U.S. Pat. No. 10,544,030 describes a four-compartment juice container. Liquid contents are dispensed through a bottom portion of the container via an integrated valve actuated dispensing mechanism. However, such arrangement requires numerous complicated parts that may not facilitate ease of cleaning. Further, it may prove difficult or inconvenient to empty each compartment of liquid contents completely.
The present disclosure seeks to address, ameliorate and/or avoid one of more of such disadvantages or provide useful alternatives to known designs.
SUMMARY
Provided herein is a multiple-compartment pitcher for holding one or more liquids and/or ice in separate compartments.

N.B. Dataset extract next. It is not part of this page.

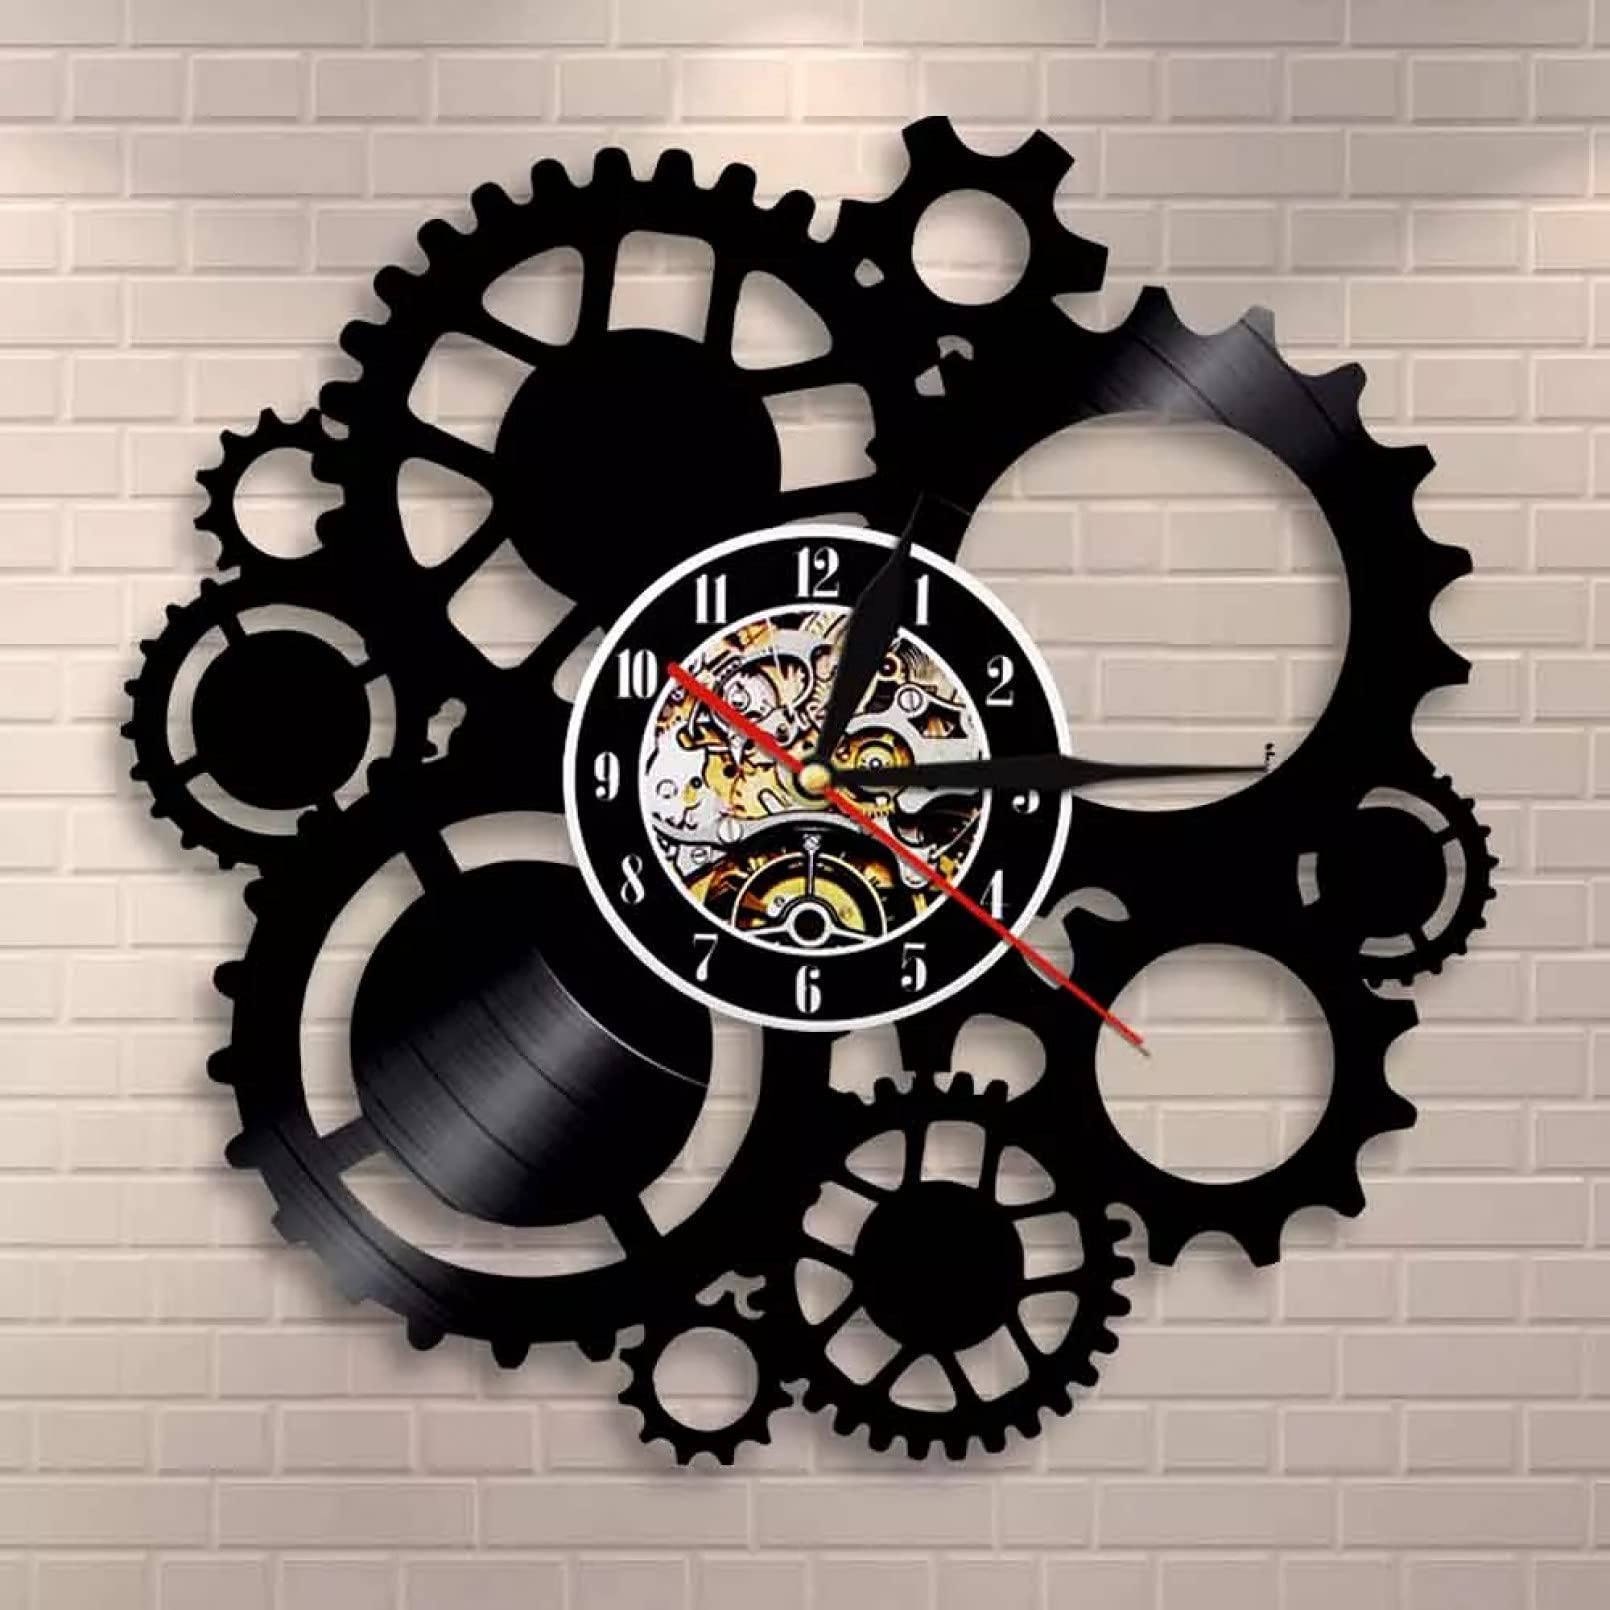 Steampunk Wall Decor Wall Clock Victorian Industrial Gears Vinyl Record Wall Clock Gears and Cogs Decorative Clock

In one embodiment, there is provided a pitcher comprising two, three or more compartments, each having openings in communication with the bottom portion of a respective compartment. Each opening receives a downspout (e.g., faucets, taps or spigots) through which flows liquid from a respective compartment and is actuated between a closed and an open position by a user. The design has advantages over existing multiple compartment beverage containers with downspouts. Such containers may need to be tipped manually to remove residual liquid contents by grasping both hands around opposing side walls of the container, but this is often not practical for heavy, multiple compartment containers. To address this problem, the pitcher described herein comprises a handle that allows it to be tilted to remove last remaining amounts of beverage from the bottom of each compartment through each downspout. In addition, the pitcher disclosed herein may be tapered so that its cross-sectional area decreases from the top of the pitcher to the bottom, further facilitating removal of the last amounts of beverage from each compartment due to the smaller volume at the bottom portion of the pitcher. Yet a further advantage is the provision of venting openings in the lid. Such openings are positioned in the lid so that air can flow out from each respective compartment, thereby facilitating discharge of the liquid contents of each compartment independently of the other.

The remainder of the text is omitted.